Oligofluorene Molecular Wires: Synthesis and Single-Molecule Conductance
Author(s):
Cole Sagan, Yi Jiang, Francisco Caban, Jordan Snaider, Rene Amell, Sujun Wei, Gina M. Florio
Journal:
The Journal of Physical Chemistry C
Year:
2017
Volume:
1212
Pages
24945-24953
DOI:
10.1021/acs.jpcc.7b07713
Abstract:
We report the synthesis and molecular junction conductance for a series of oligofluorenes to establish clear structure–property relationships for this electronically important material. We use a scanning tunneling microscopy based break-junction method (STM-BJ) to measure single-molecule conductance in oligofluorenes that vary in (a) the number of fluorene repeat units (n = 1–3), (b) bridge carbon substitution (dihydrogen, dimethyl, dihexyl, and didodecyl), and (c) linker-group termination (methyl sulfide versus primary amine).
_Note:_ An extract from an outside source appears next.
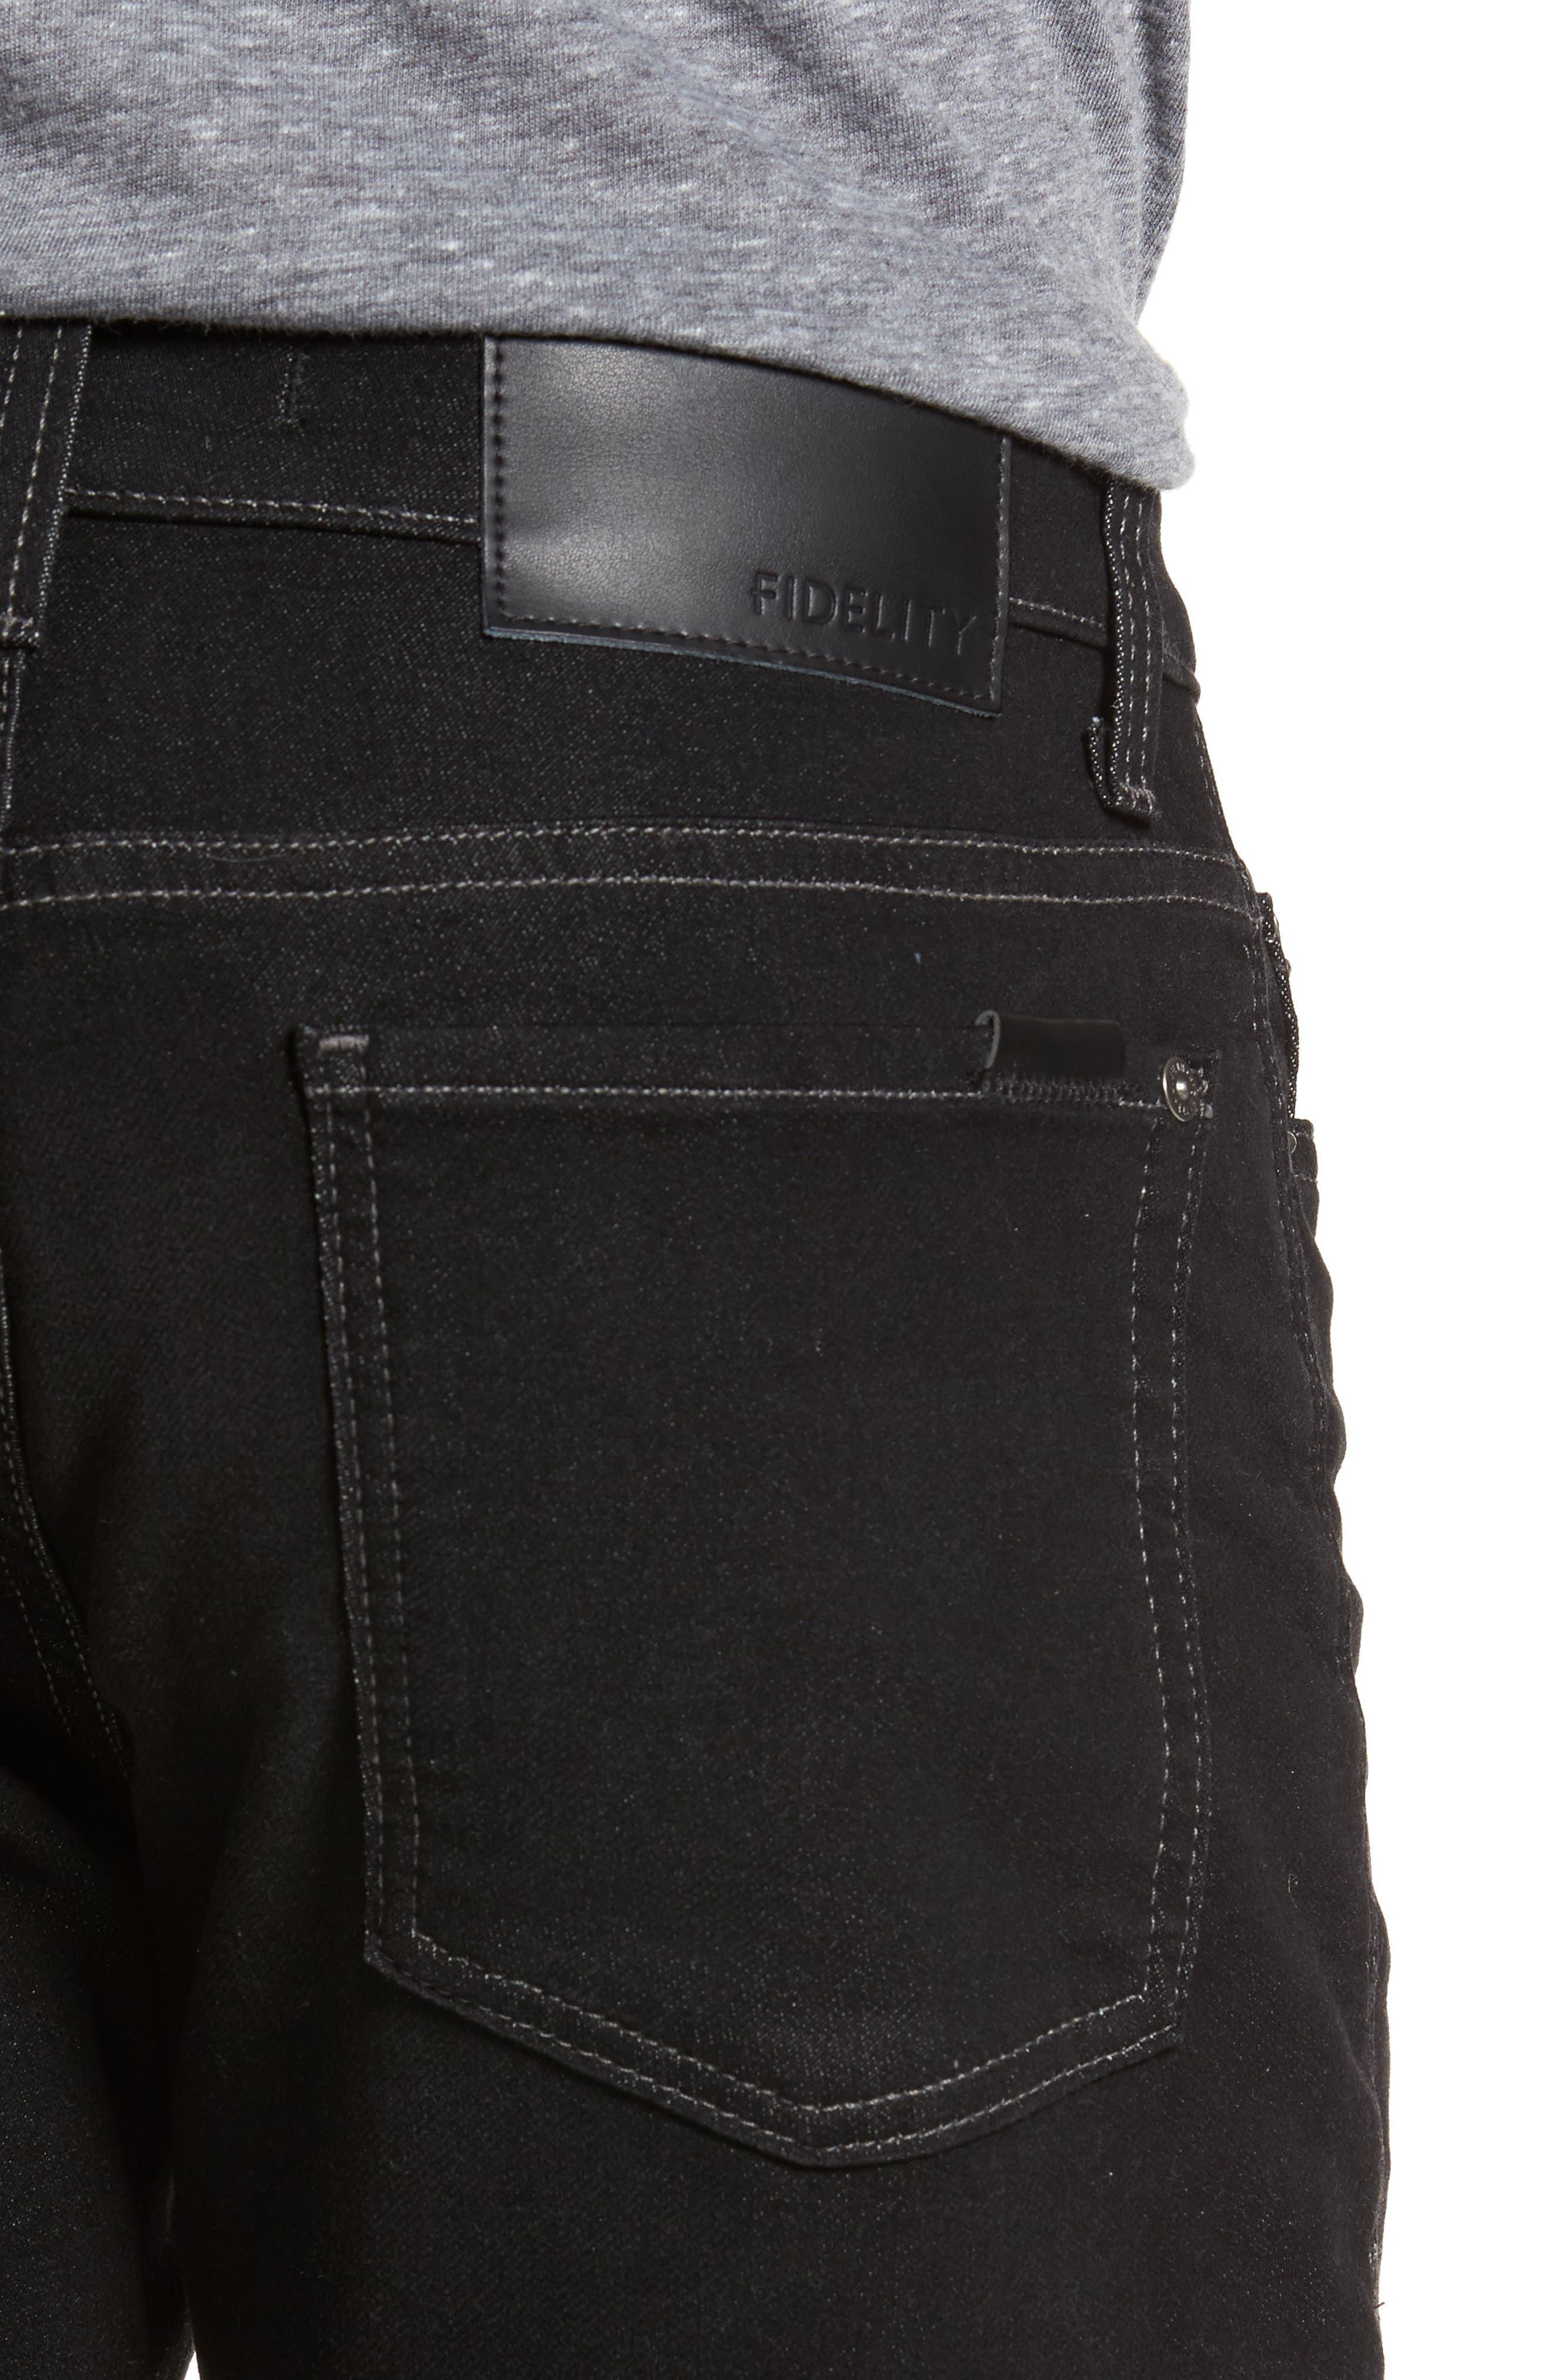 Torino Slim Fit Jeans,                             Alternate thumbnail 4, color,                             Oxy Black On Black

Conductance in oligofluorene molecular junctions is found to occur via tunneling, with a tunneling decay constant, β, of 0.31 per Å, or equivalently, 2.6 per fluorene unit, consistent with other π-conjugated molecular wires. Simple tunnel coupling calculations for model Au2-oligofluorene molecular clusters are reported to validate experimental conductance measurements. Finally, molecular conductance distributions for methyl sulfide terminated oligofluorenes are observed to be extremely broad due to the relatively flat torsional potential energy surface for rotation about the Au–S bond and the strong orientation effect of the conductance through a π-coupled state.